EXERCISE DIRECTIONS
Omit all pictures, and print word for word only the lines from the one containing "Peng Shuai&#039;s disappearance" through the end of the data.

DATA EXTRACT
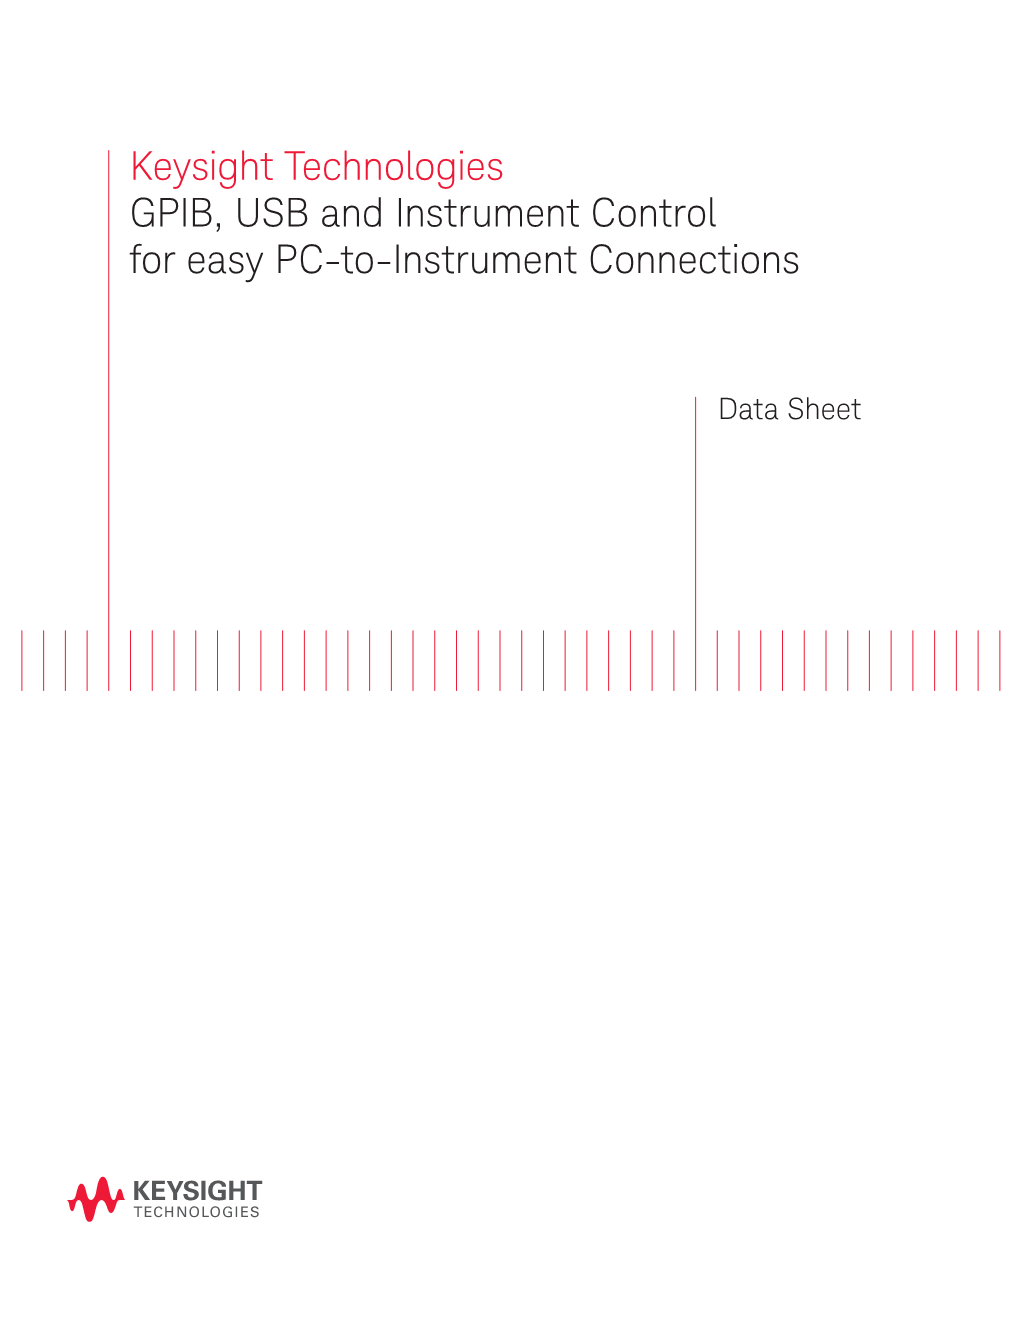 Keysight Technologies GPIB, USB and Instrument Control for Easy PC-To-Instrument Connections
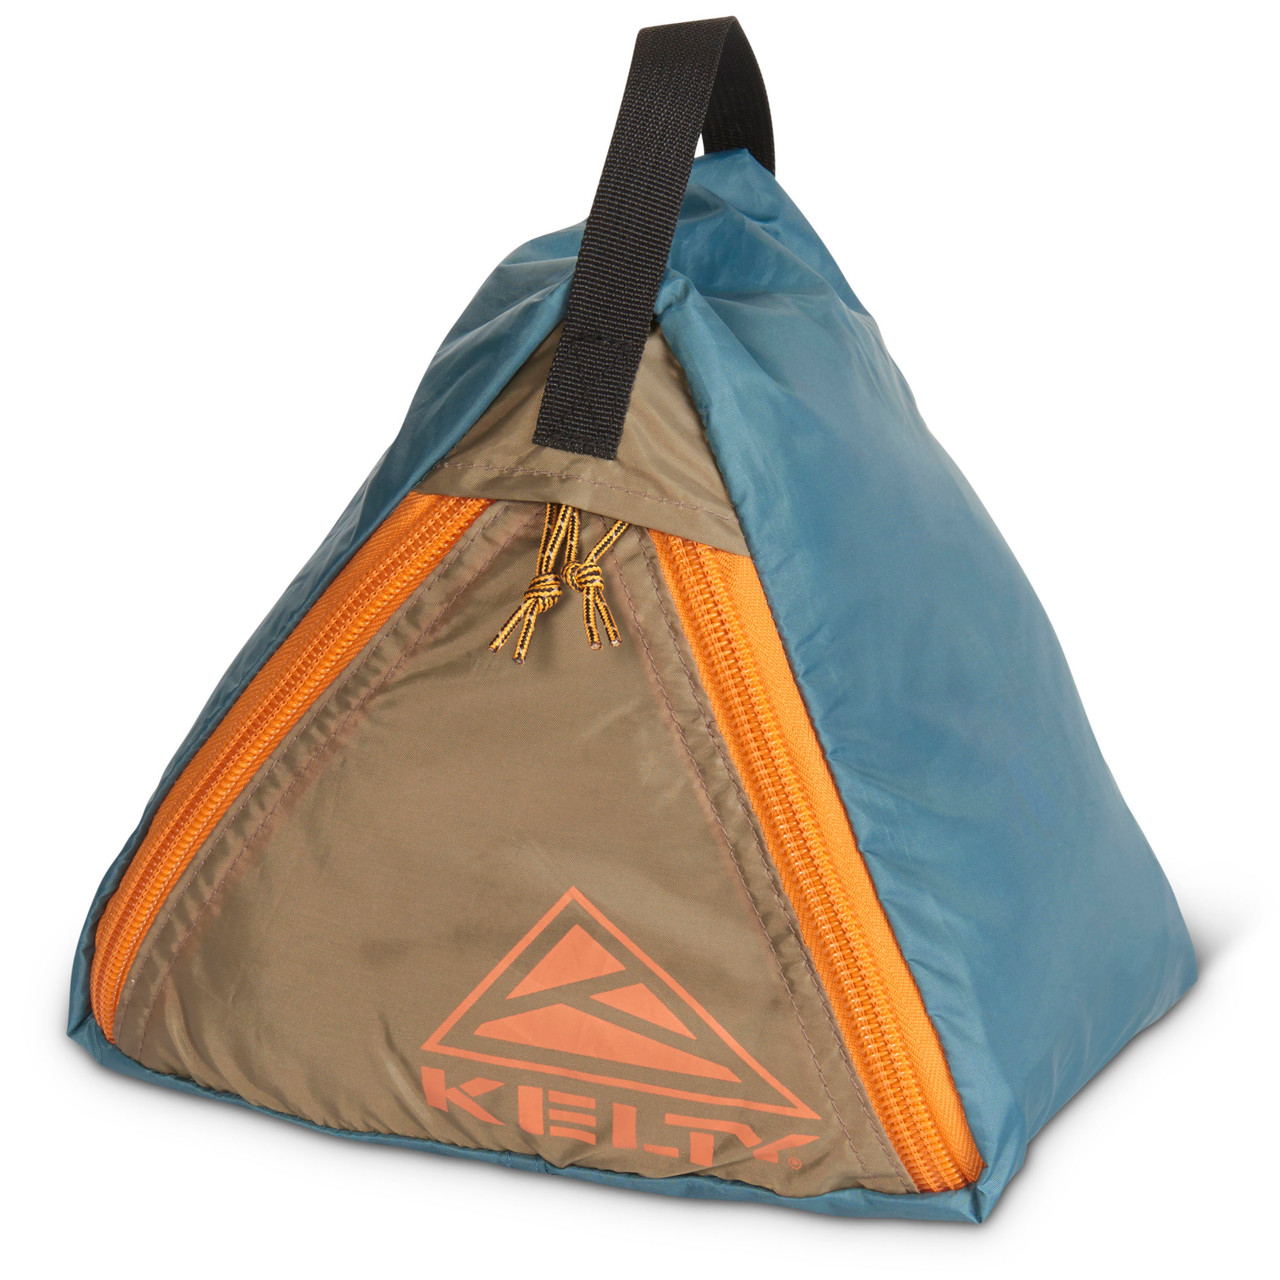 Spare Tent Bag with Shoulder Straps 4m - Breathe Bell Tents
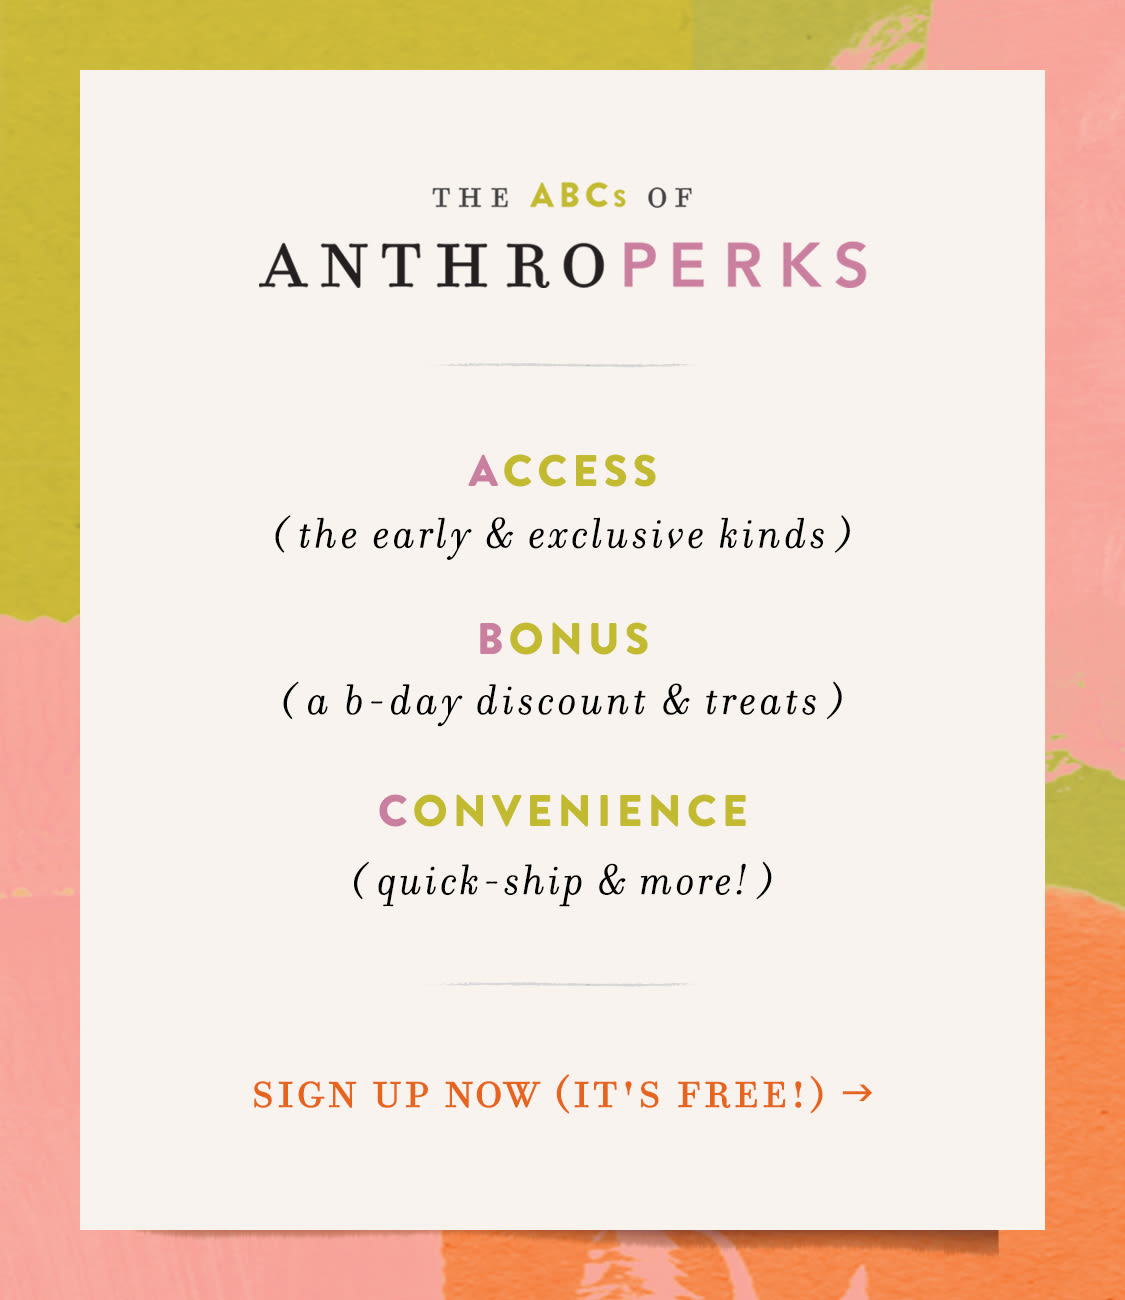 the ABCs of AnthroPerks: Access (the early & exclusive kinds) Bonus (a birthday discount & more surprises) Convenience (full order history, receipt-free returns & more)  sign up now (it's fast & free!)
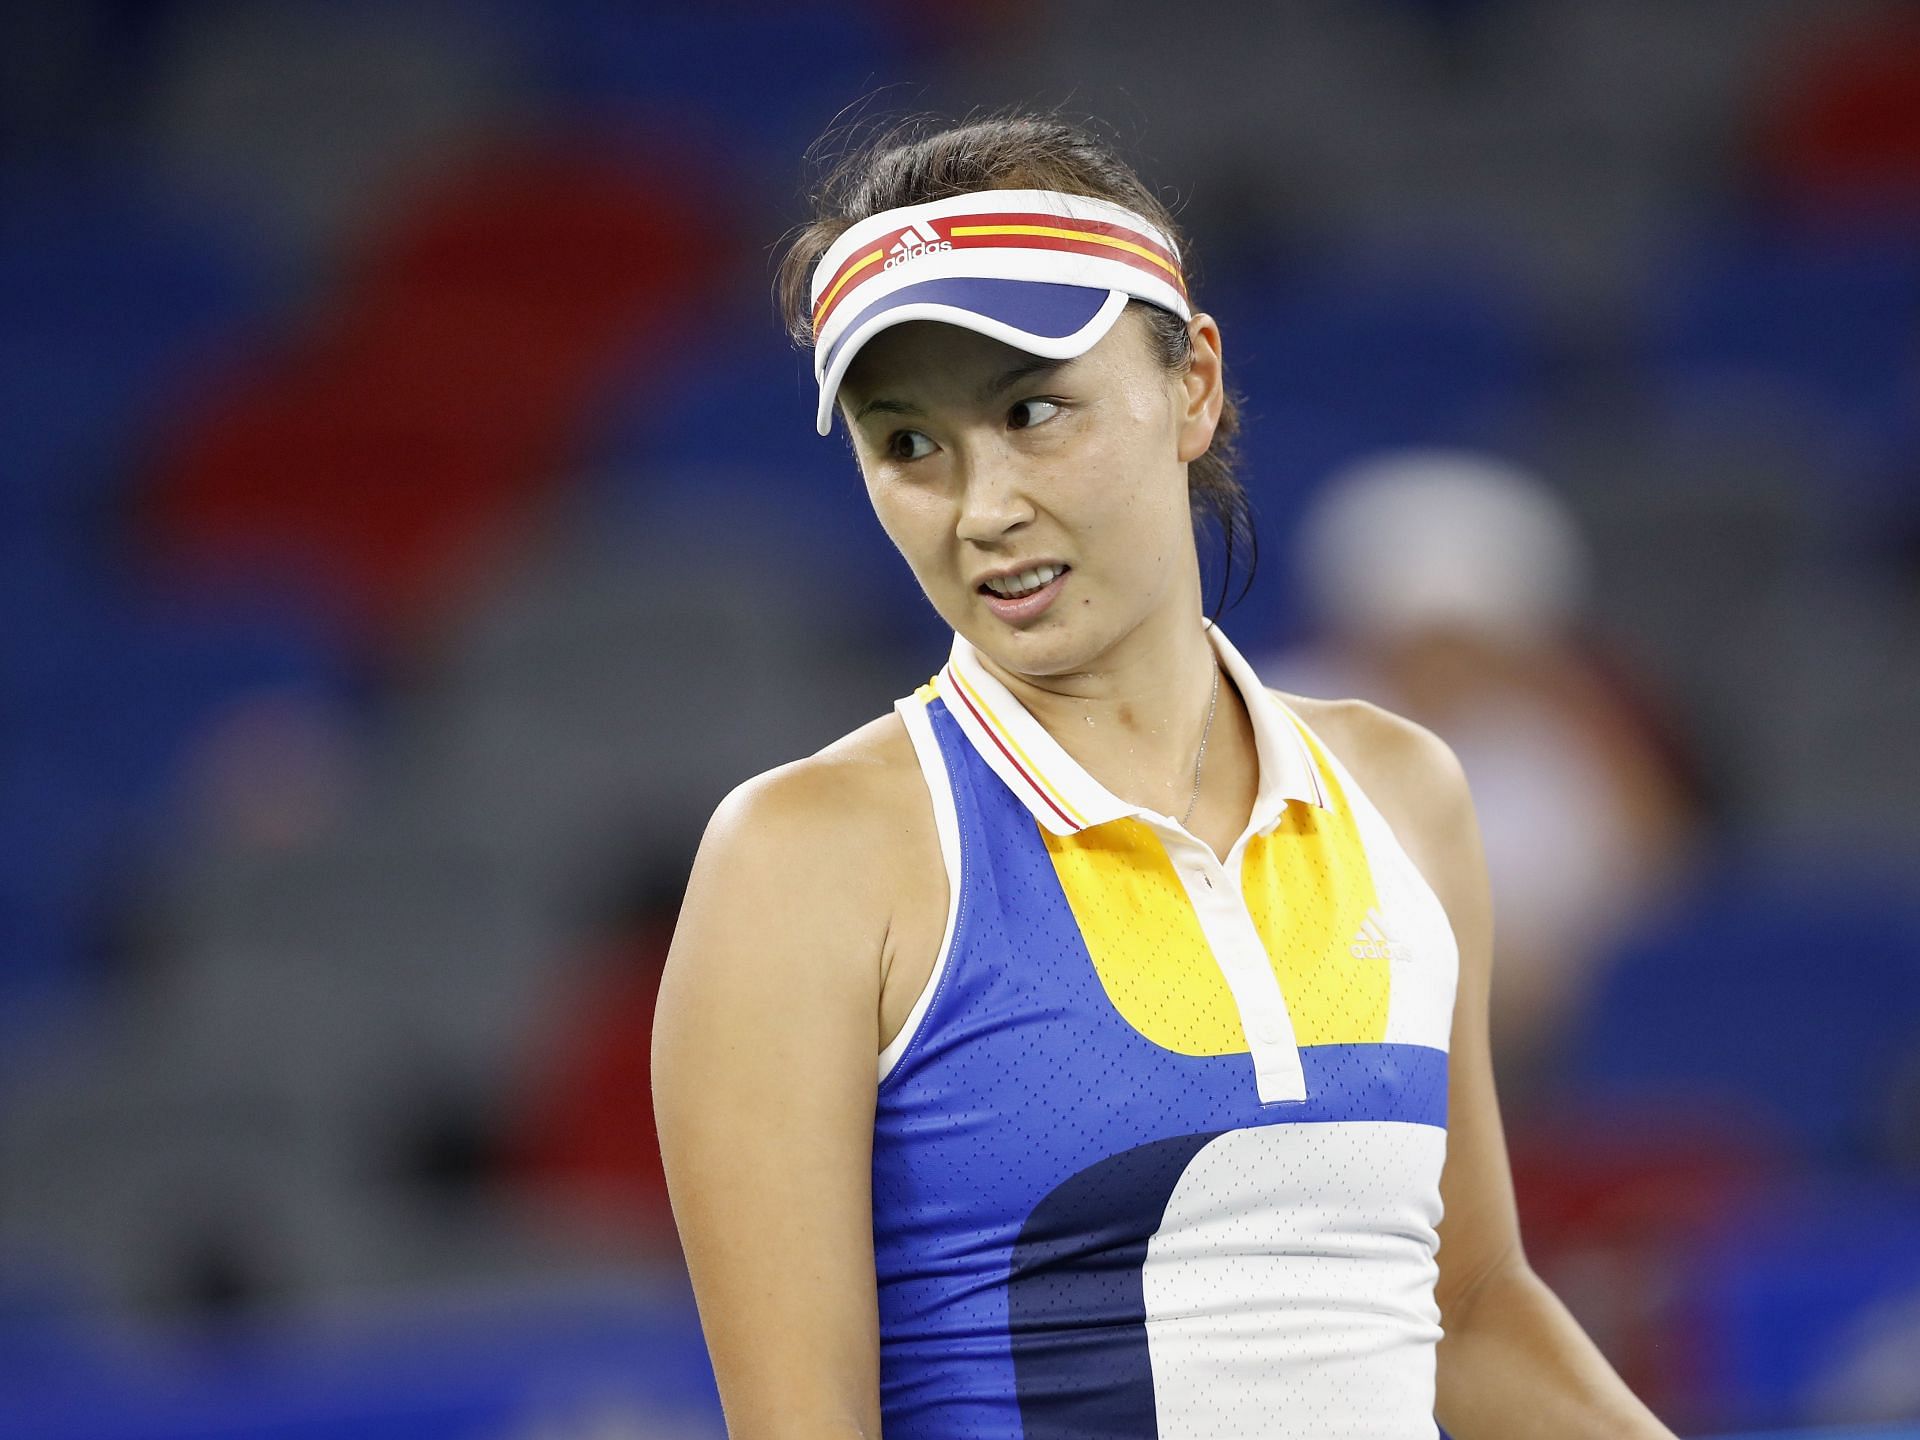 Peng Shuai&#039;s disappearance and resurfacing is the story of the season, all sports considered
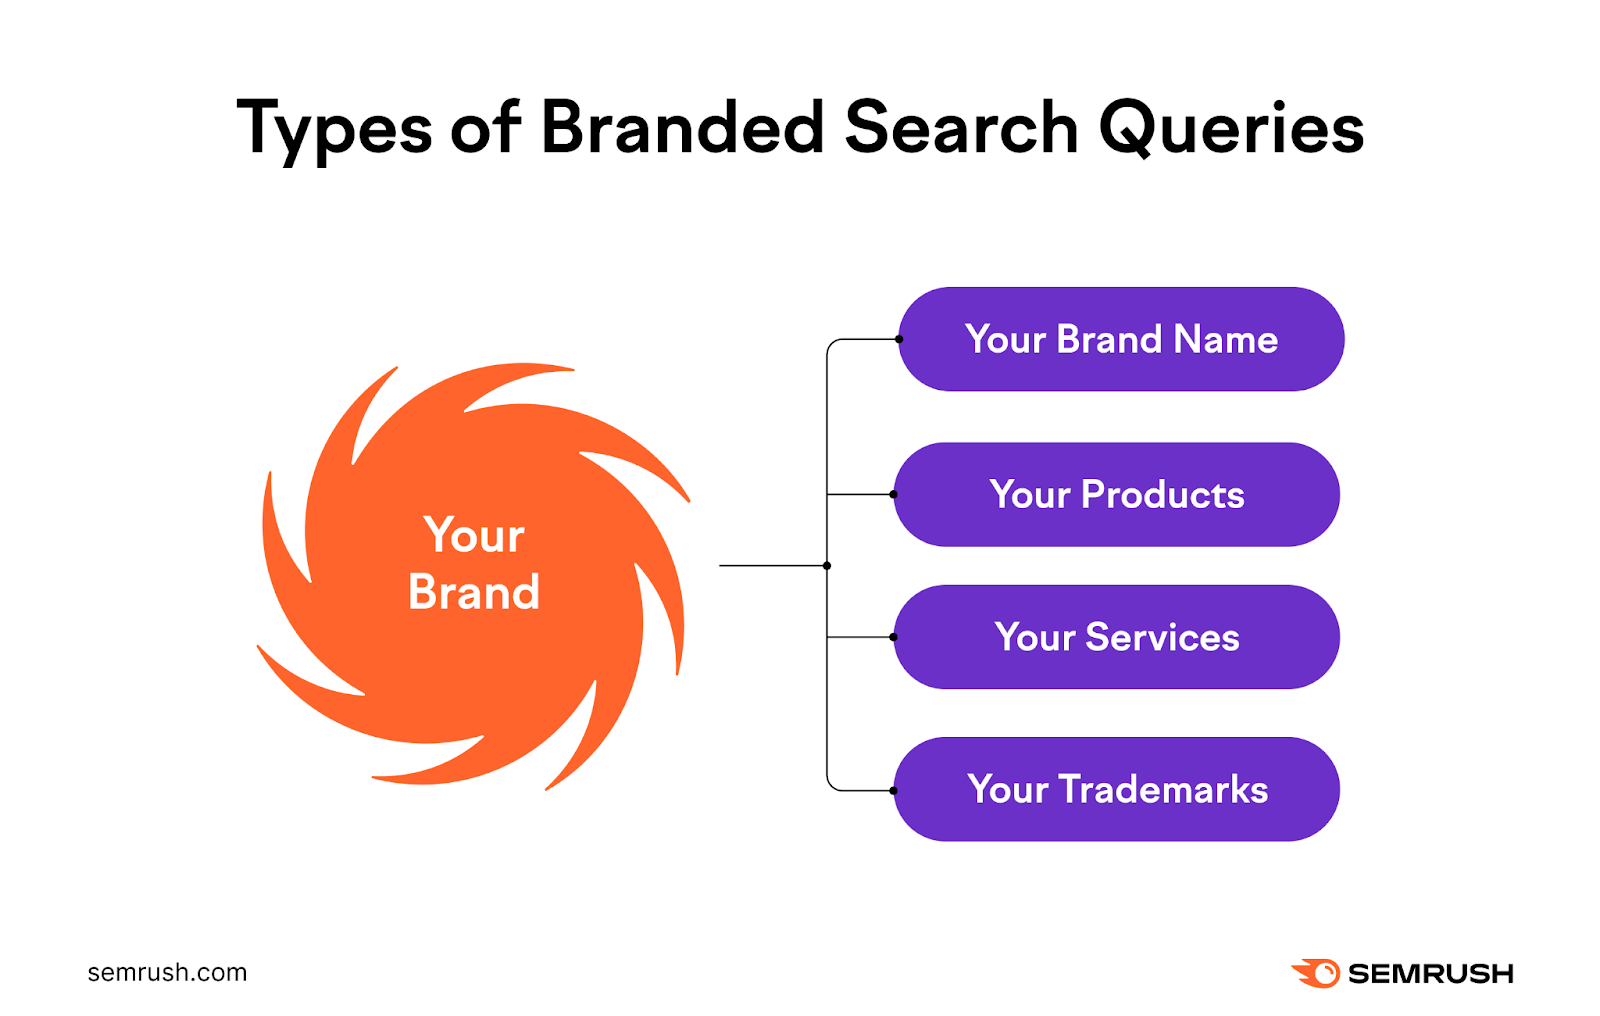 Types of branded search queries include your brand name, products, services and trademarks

PROBLEM SOLUTION
 Peng Shuai&#039;s disappearance and resurfacing is the story of the season, all sports considered
 Types of branded search queries include your brand name, products, services and trademarks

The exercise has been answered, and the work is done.